Further, payment processors are independent companies in a highly concentrated industry. Presently, the top three payment processors control the majority of payment processing in the United States. Further, these payment processors have formed strategic alliances with specific payment service providers, who may seek to influence and/or restrict the addition of new and valuable payment alternatives to the processor's API. This further raises the cost and slows the implementation cycle for new payment options.

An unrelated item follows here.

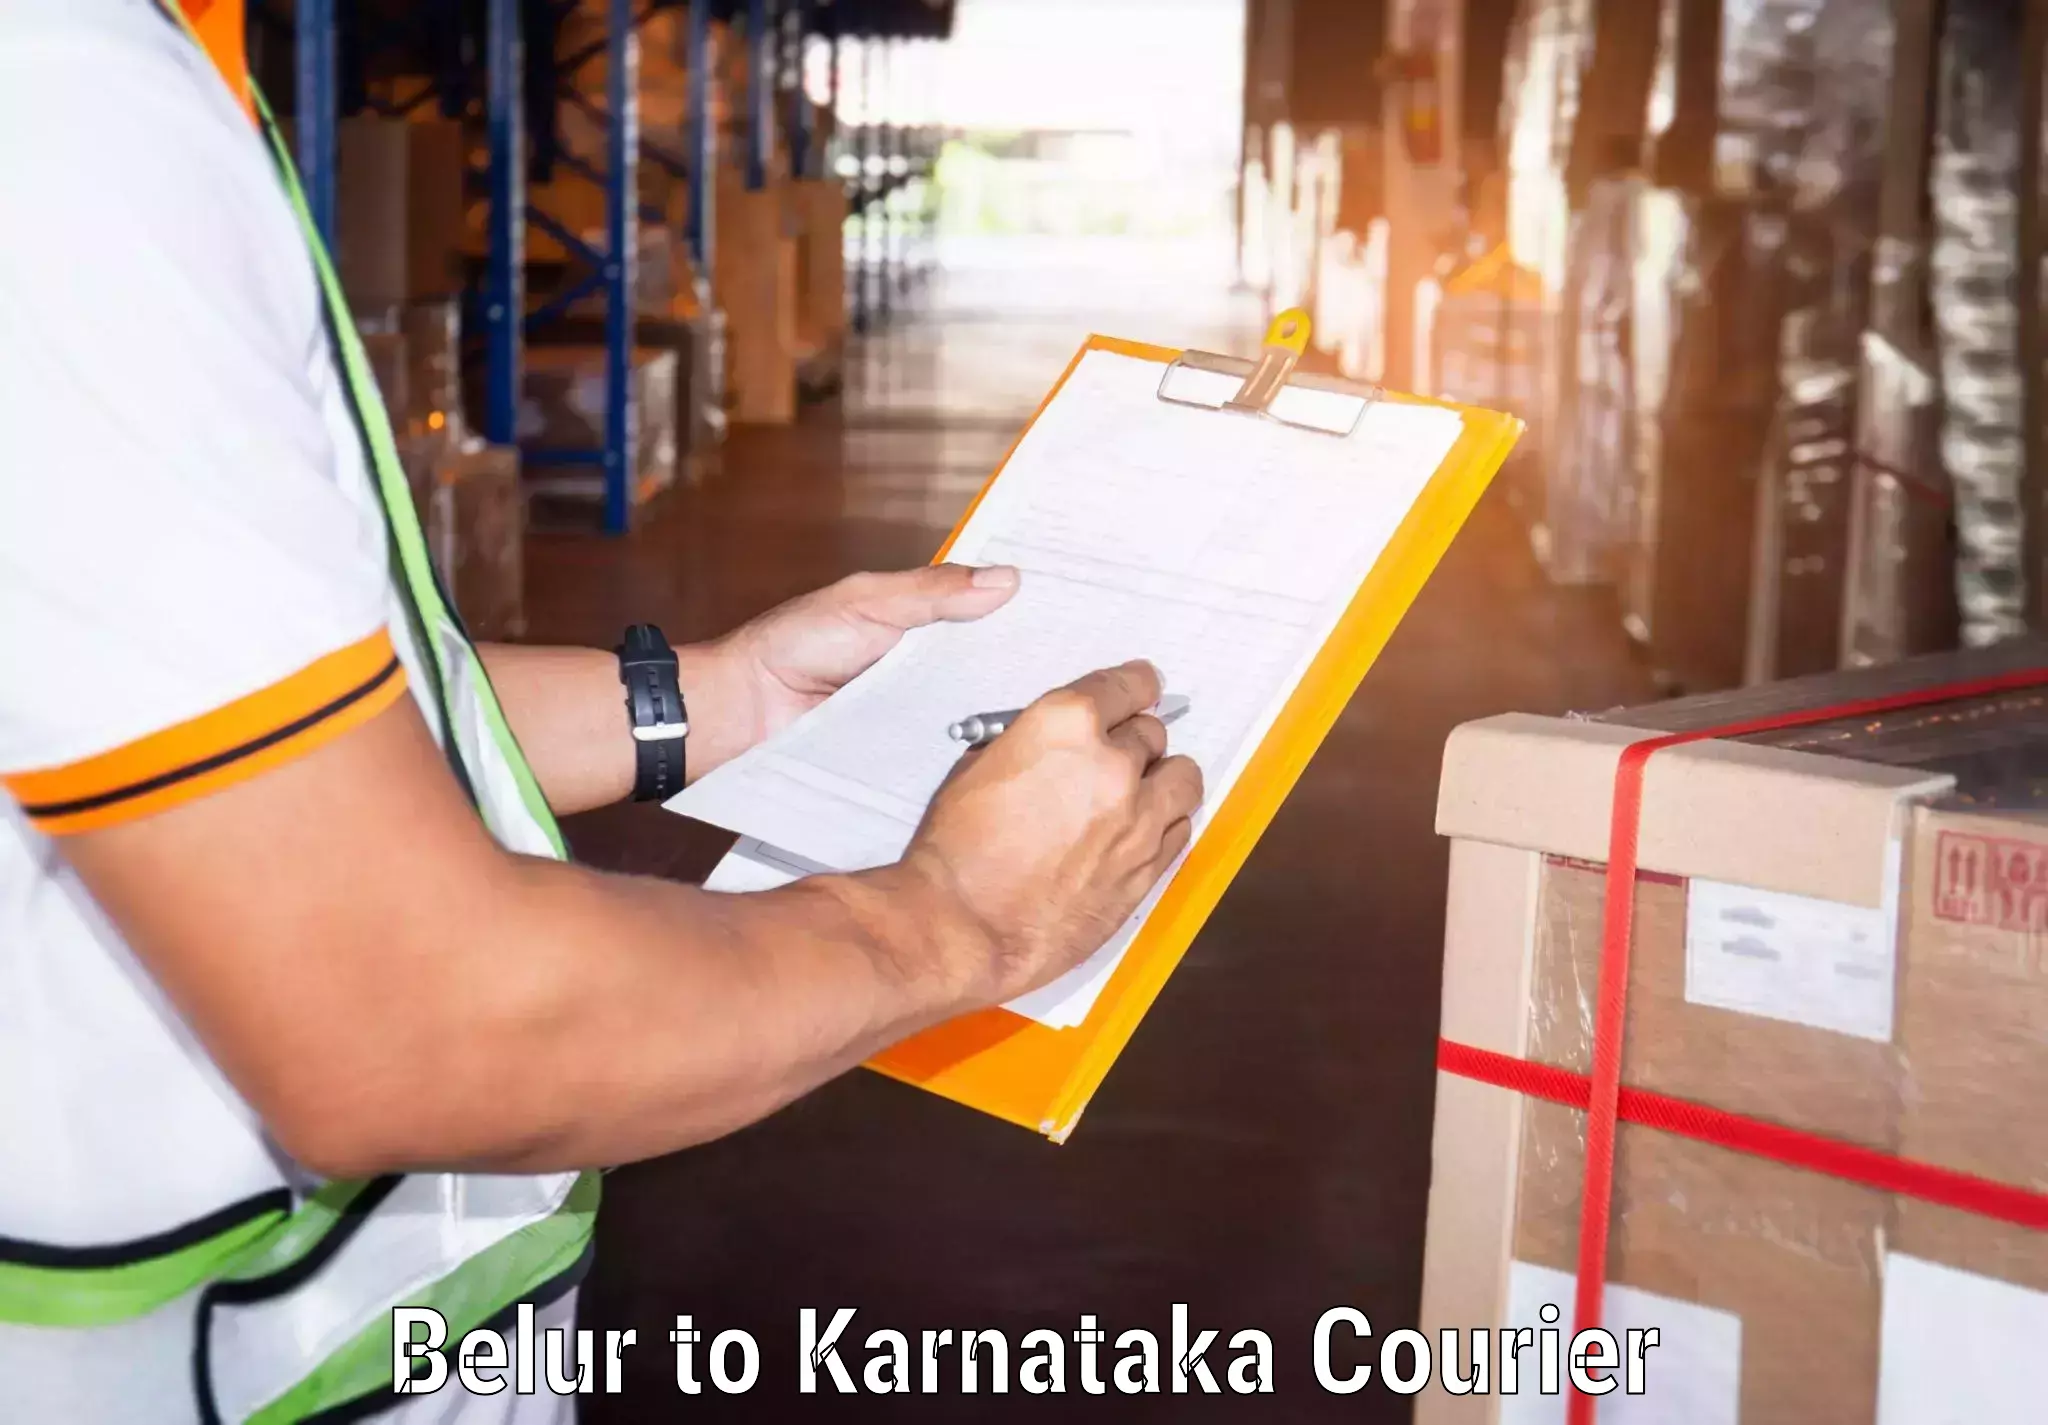 Courier service comparison Belur to Laxmeshwar

Yet another drawback to online commerce arises from the distributed nature of these electronic transactions, with the merchants likened to spokes around a hub, which is the network credit system. Such a distributed checkout service creates many unmanageable security risks. If all sales occur at the payment process or banking system, certain confidential information is collected at the spokes (merchants) to complete the transaction. This information distribution creates unnecessary risk to the hub. If the information is collected directly at the hub (credit issuer) location, the customer is redirected to the hub from the spoke, which may be undesirable to the merchant. For example, if the hub is the data repository, the merchant often does not trust that the hub will not use consumer to their own ends. In addition, the hub-centric approach often leads to access problems, processing capacity issues, possible offers of other competing goods, etc., which makes this approach undesirable.